● **Task instructions**
What are the lines below, starting at the line containing "Iron Mountain Brand Logo" and ending at the line containing "Healing Properties of"? Write them out exactly, ends included, without pictures.

● **Supplied records**
========================

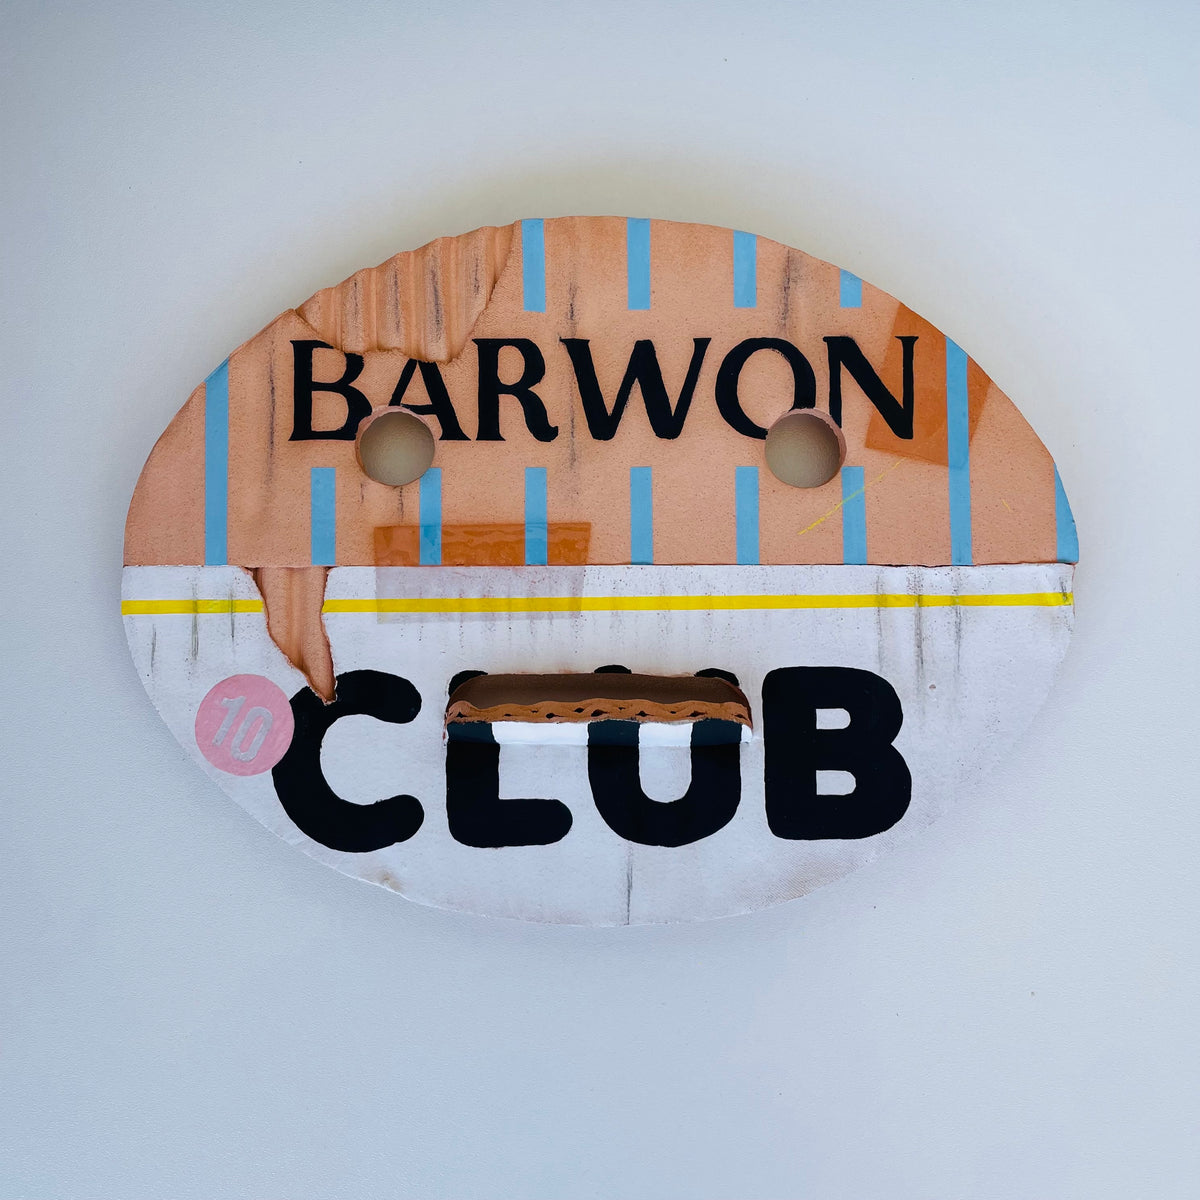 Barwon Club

========================

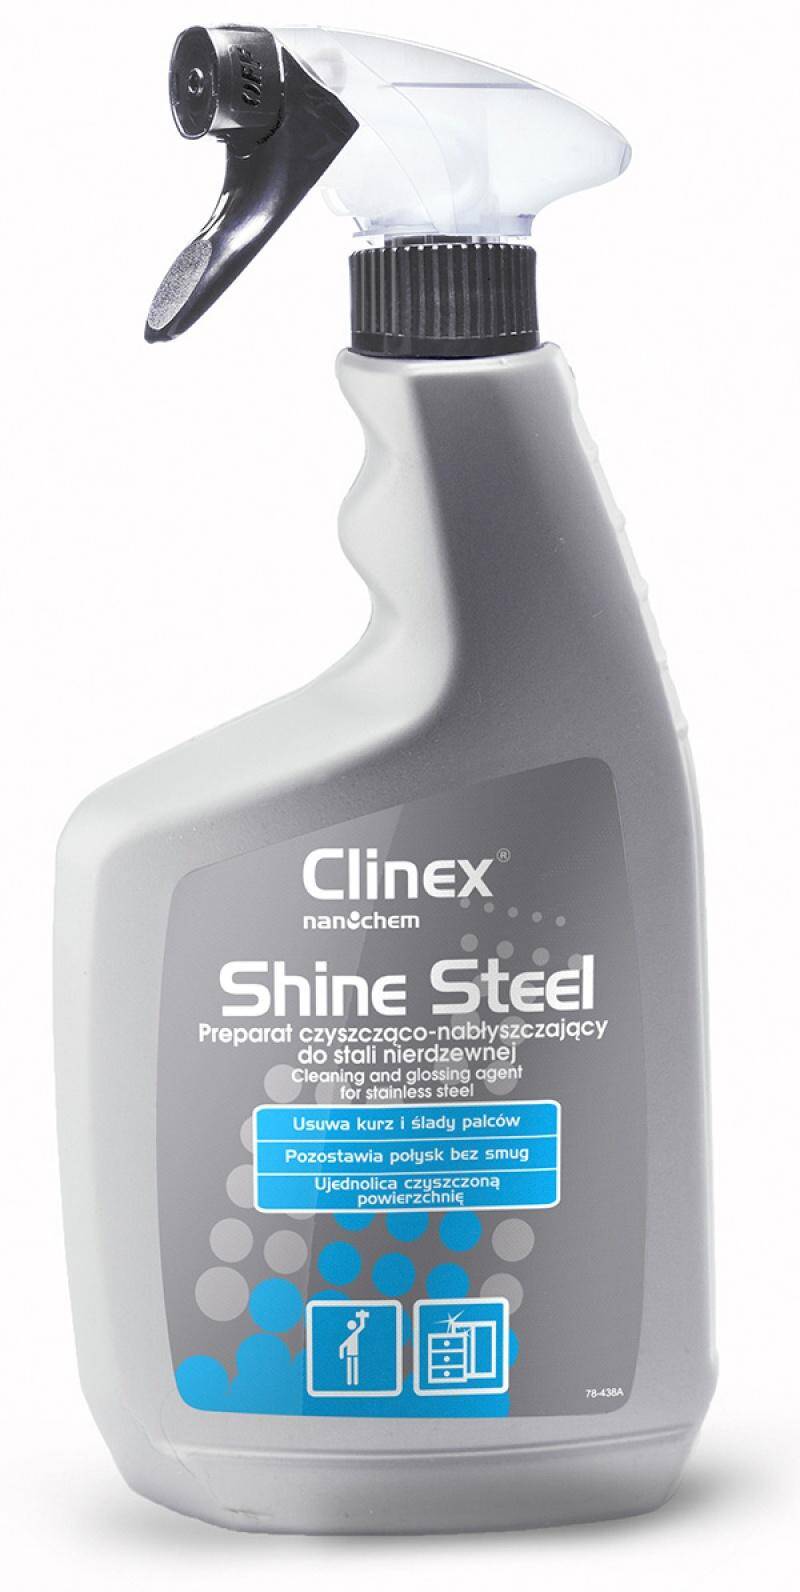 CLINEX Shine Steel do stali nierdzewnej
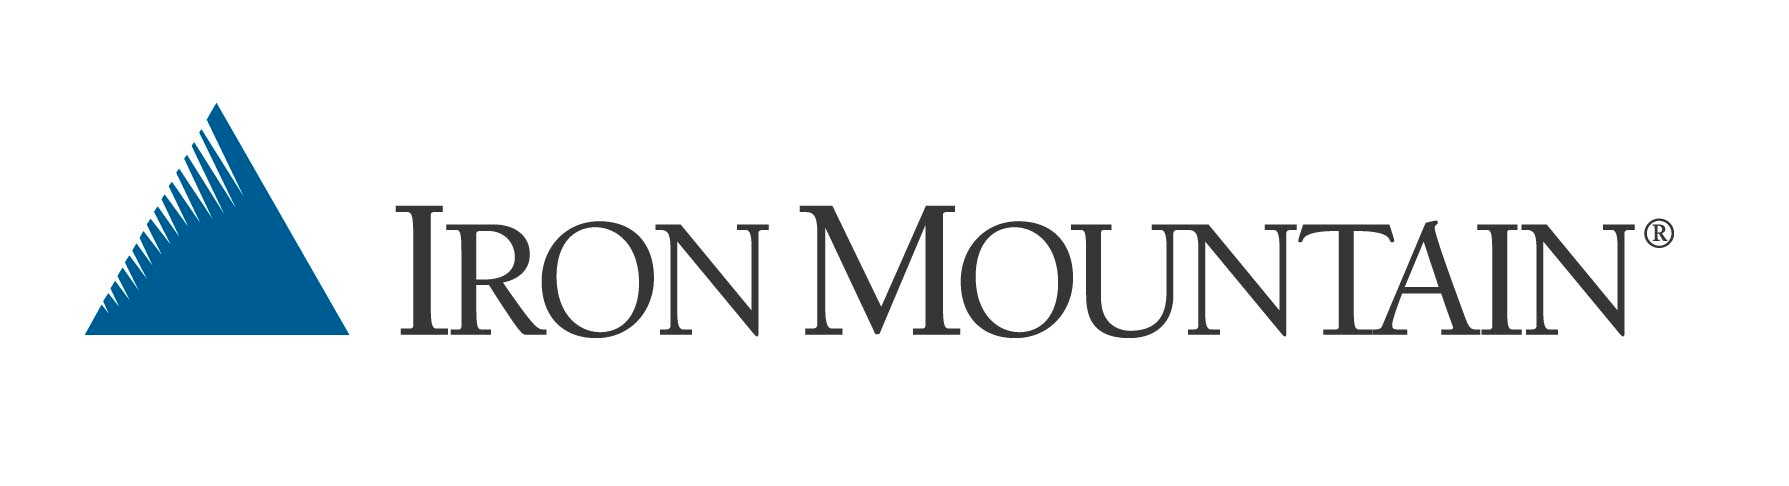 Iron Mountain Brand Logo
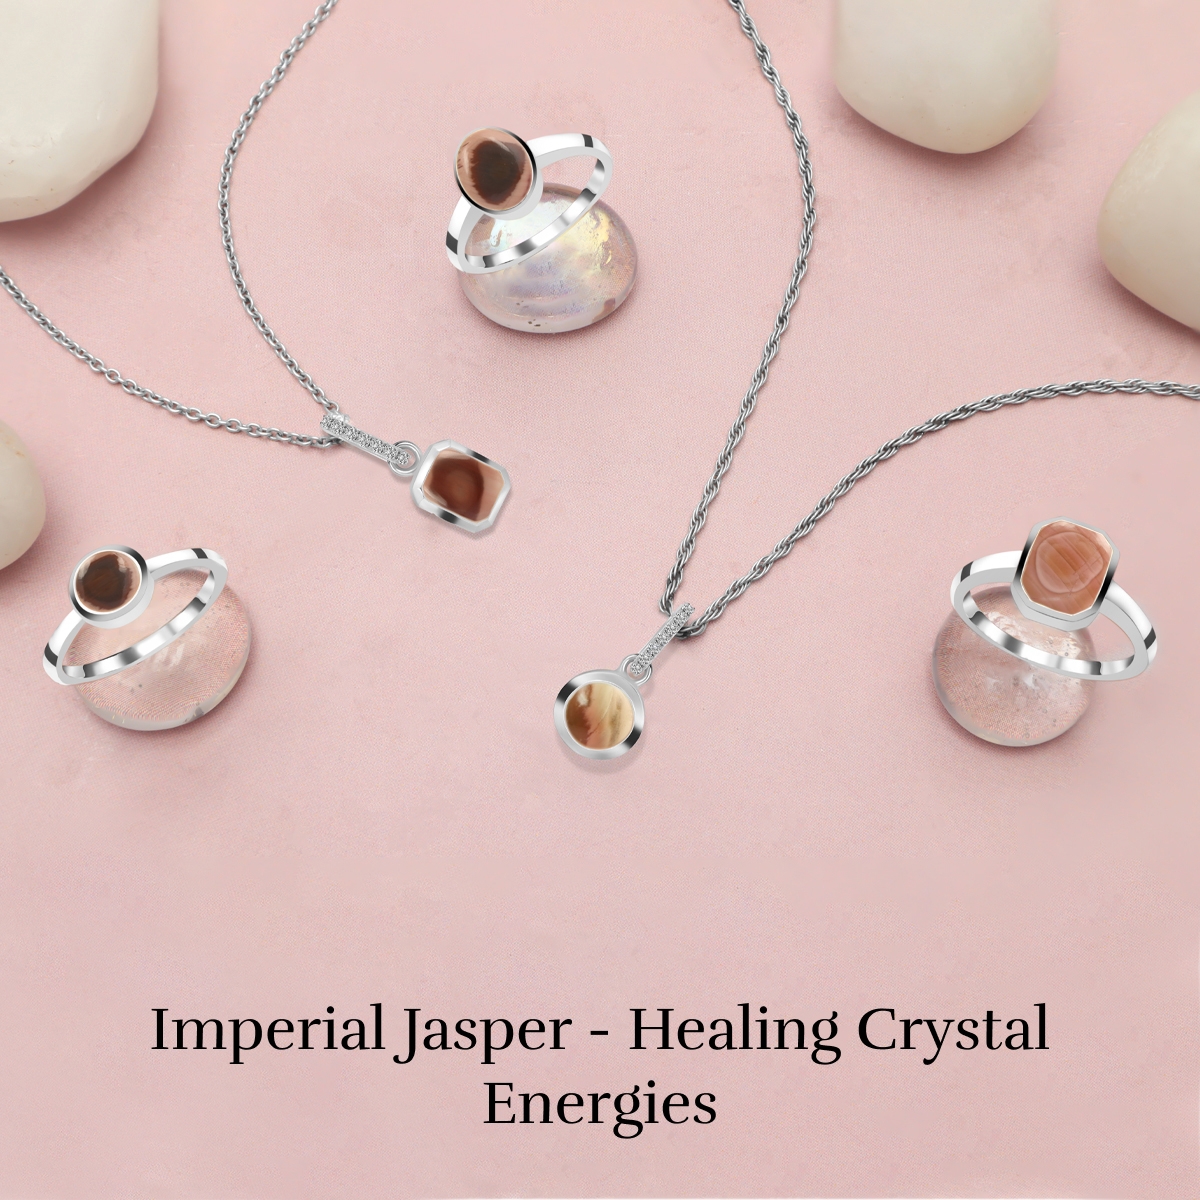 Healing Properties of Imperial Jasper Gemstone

========================

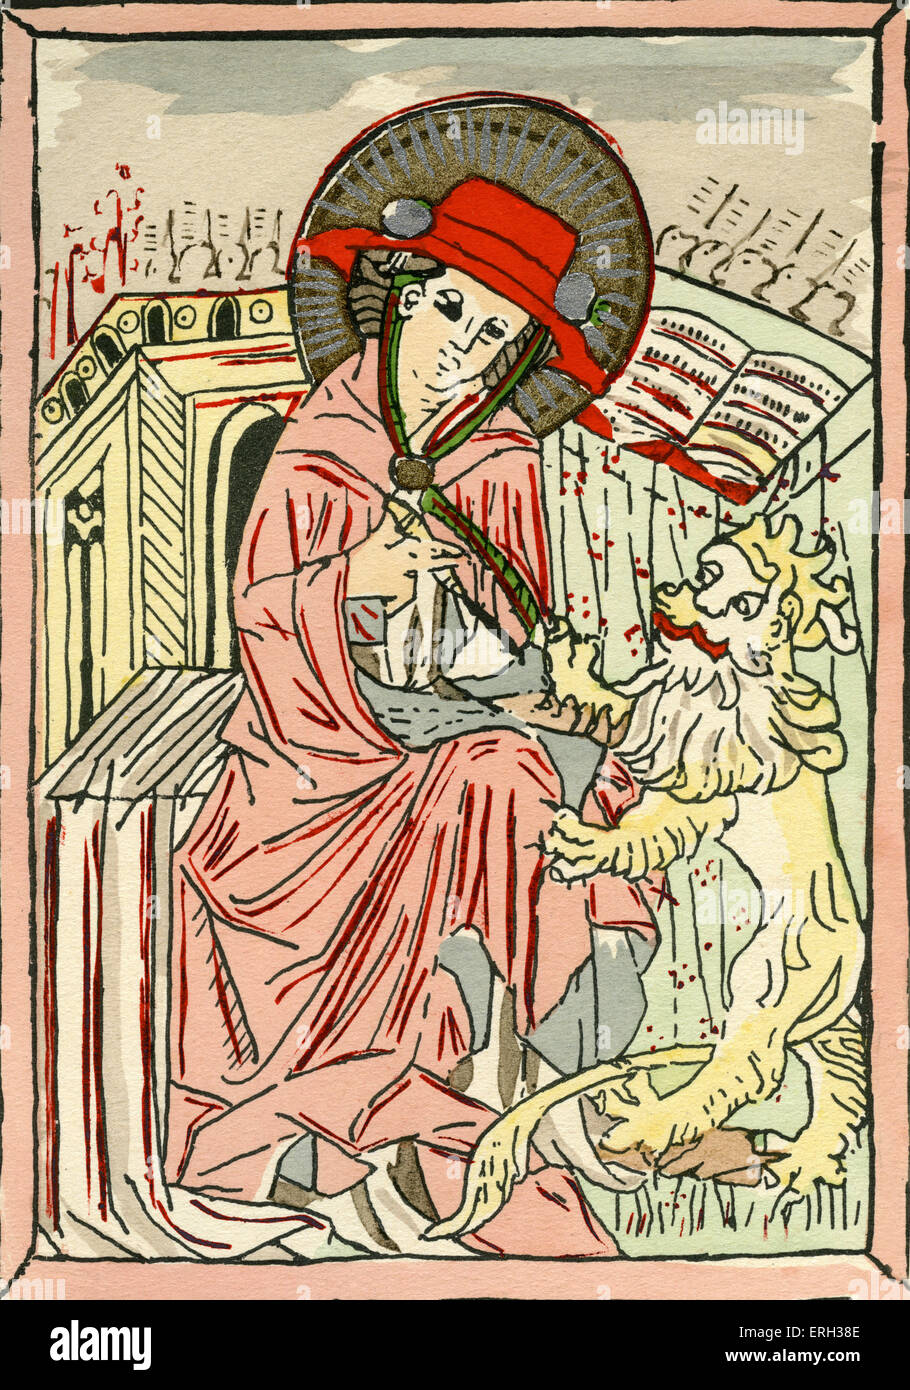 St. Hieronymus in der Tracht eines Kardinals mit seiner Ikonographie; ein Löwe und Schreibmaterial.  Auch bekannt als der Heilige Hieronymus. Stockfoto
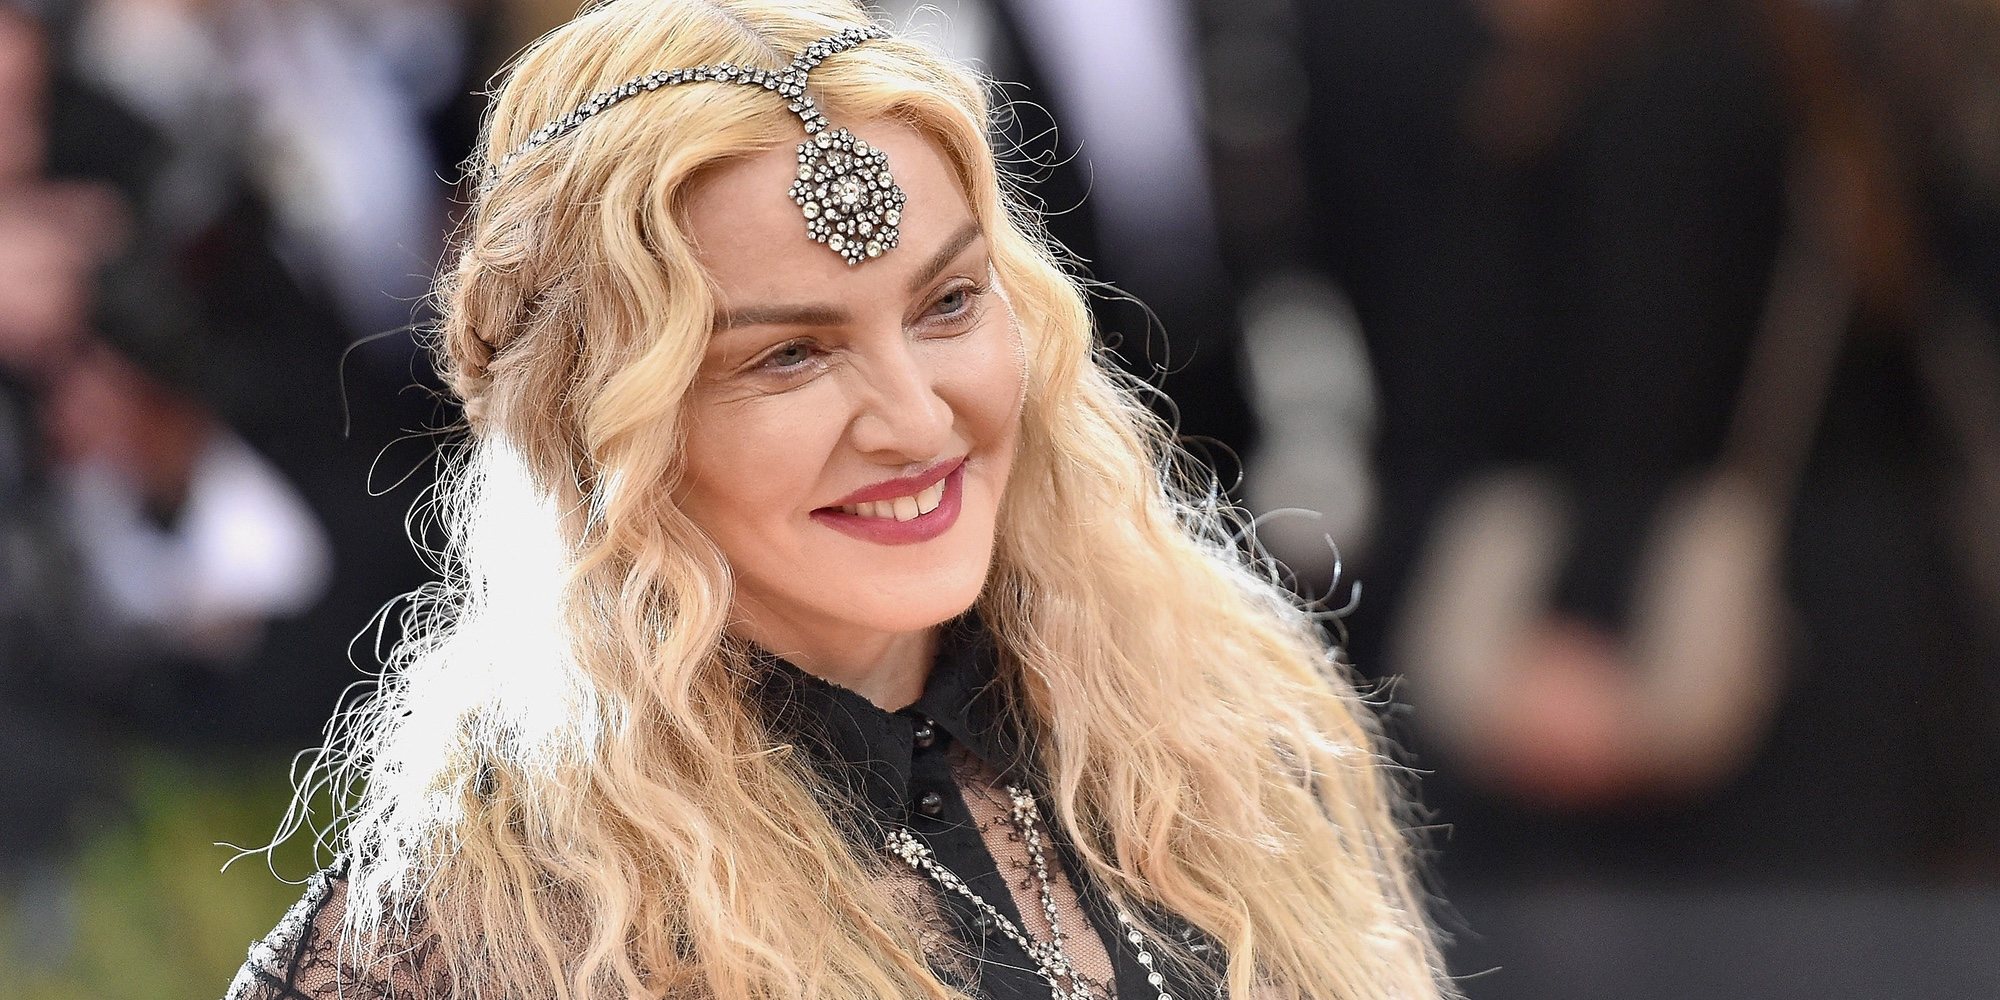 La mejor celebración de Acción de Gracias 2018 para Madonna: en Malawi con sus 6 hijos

========================

● **Answer to this task**
 Iron Mountain Brand Logo
 Healing Properties of Imperial Jasper Gemstone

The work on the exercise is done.